Now in GMRES, we seek $x_k\in x_0+\mathcal{K}_k=x_0+\mathcal{R}(Q_k)$, so we can write $x_k=x_0+Q_ky_k$ for some $k$-vector $y_k$, so that the approximate solution minimizes the 2-norm of the residual vector $b-A\tilde{x}$ over all $\tilde{x}\in x_0+\mathcal{K}_k$: $$ \|b-Ax_k\|_2=\min_{\tilde{x}\in x_0+\mathcal{K}_k}\|b-A\tilde{x}\|_2 =\min_{\tilde{y}}\|r_0-AQ_k\tilde{y}\|_2. $$ We can use (1) to get $r_0-AQ_k\tilde{y}=Q_{k+1}(\rho\,e_1-H_{k+1,k}\tilde{y})$ and the fact that the 2-norm is orthogonally invariant to get $$\tag{2} \|b-Ax_k\|_2=\min_{\tilde{y}}\|r_0-AQ_k\tilde{y}\|_2=\min_{\tilde{y}}\|\rho\,e_1-H_{k+1,k}\tilde{y}\|_2. $$ Solving the reduced problem (2) gives the components $y_k$ of the GMRES correction. Since (2) is nothing but a least squares problem, we can formally solve it using the pseudo-inverse of $H_{k+1,k}$: $$\tag{3} y_k=\rho\,H_{k+1,k}^\dagger e_1=\rho\,(H_{k+1,k}^TH_{k+1,k})^{-1}H_{k+1,k}^Te_1, $$ where the latter can be done since $H_{k+1,k}$ has rank $k$ (note that $A$ is nonsingular because $Q_k^TAQ_k=H_k$, where $H_k$ is the square $k\times k$ "upper part" of $H_{k+1,k}$). Therefore, the approximation $x_k$ is given by $$\tag{4} x_k=x_0+Q_ky_k=x_0+\rho\,Q_kH_{k+1,k}^\dagger e_1. $$ Note that (3) is not how the vector $y_k$ is obtained in practice. Instead, one solves the least squares problem (2) by the QR factorization of $H_{k+1,k}$ (usually using the Givens rotations due to the Hessenberg structure).

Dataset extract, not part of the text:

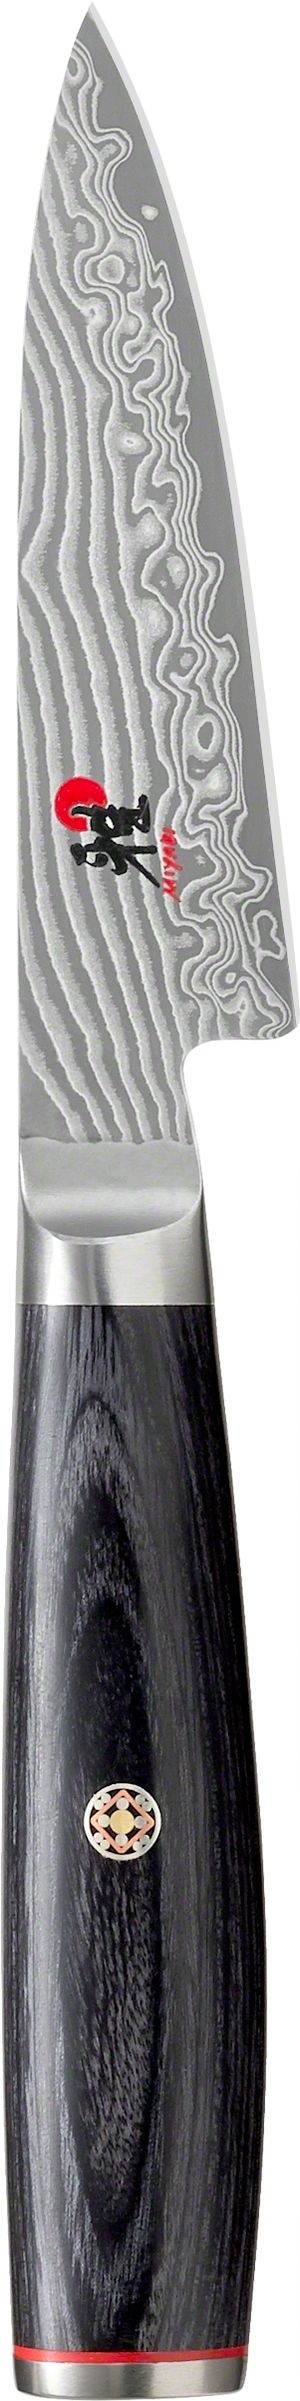 5000FCD Shotoh (Paring) Knife - 9cm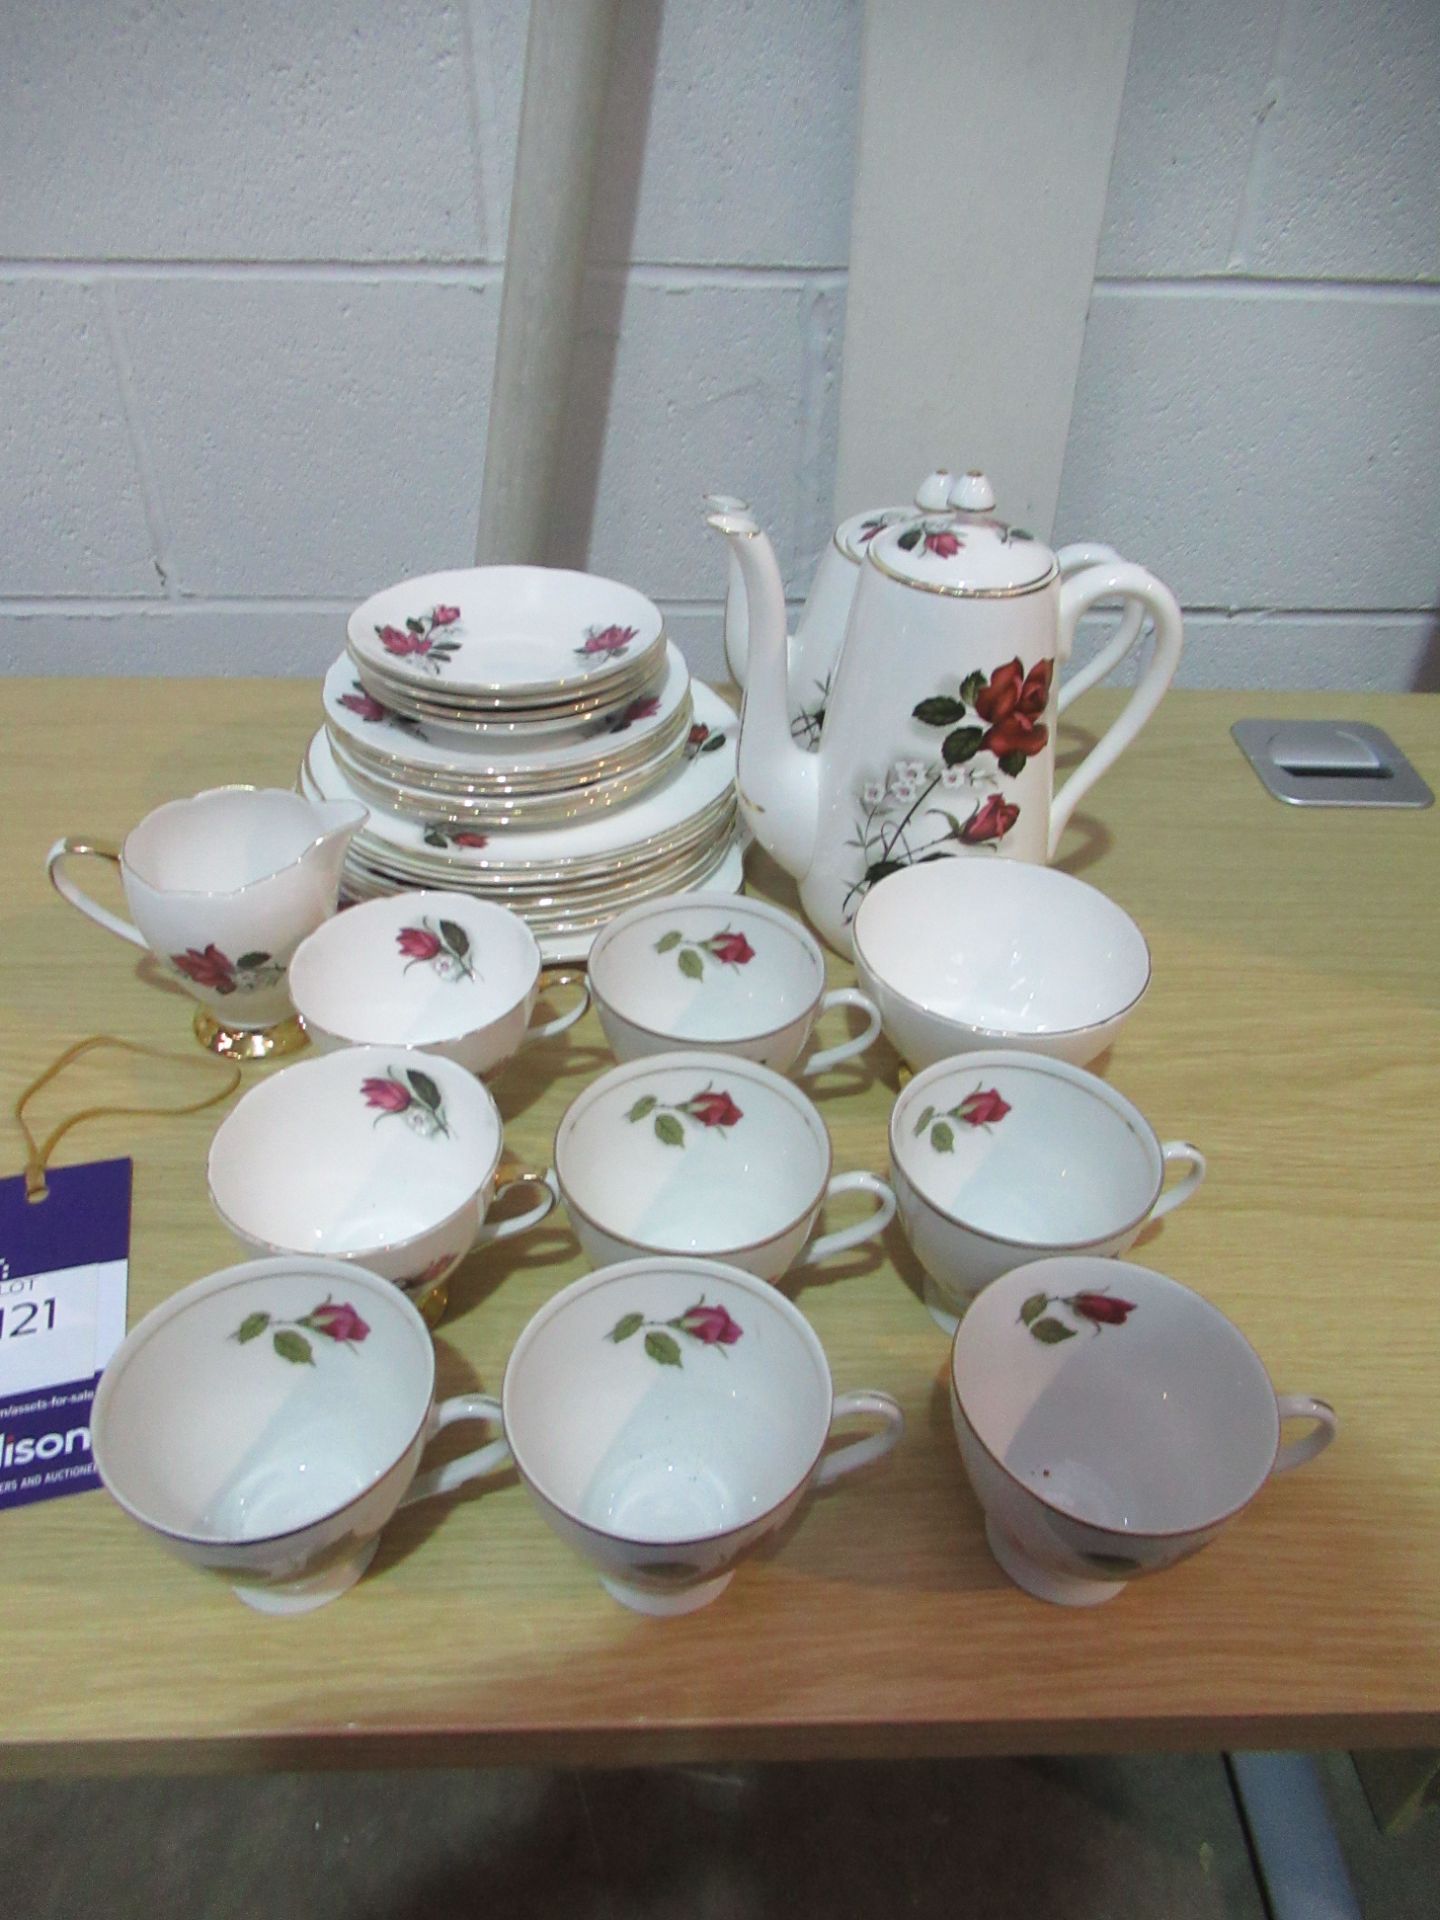 Rose Adorned Tea Service inc. Plates, Teacups, Teapot etc.

At some point, the Krylov subspace is "exhausted" in the sense that there is an $m$ such that $\dim\mathcal{K}_k=m$ for all $k\geq m$. This $m$ is equal to the smallest $k$ for which $r_0\in A\mathcal{K}_k$ and is bounded from above by the degree of the minimal polynomial of $A$ (therefore, $m\neq n$). For $k=m$, (1) translates to $$\tag{5} AQ_m=Q_mH_m, $$ where $H_m$ is $m\times m$ nonsingular upper Hessenberg.
At this step $k=m$, GMRES computes the exact solution of $Ax=b$. This can be seen simply as follows: since $r_0\in A\mathcal{K}_k$, we have $A^{-1}r_0=x-x_0\in A^{-1}A\mathcal{K}_m=\mathcal{K}_m$ and hence $x\in x_0+\mathcal{K}_m$. Therefore, the affine space $x_0+\mathcal{K}_m$ contains the solution $x$ and since GMRES minimizes the residual norm, it necessarily must give $x_m=x$. Also, (4) and (5) give $x_m=x_0+\rho\,Q_mH_m^{-1}e_1$ and hence $$ Ax_m=Ax_0+\rho\,AQ_mH_m^{-1}e_1=Ax_0+\rho\,Q_me_1=Ax_0+r_0=b. $$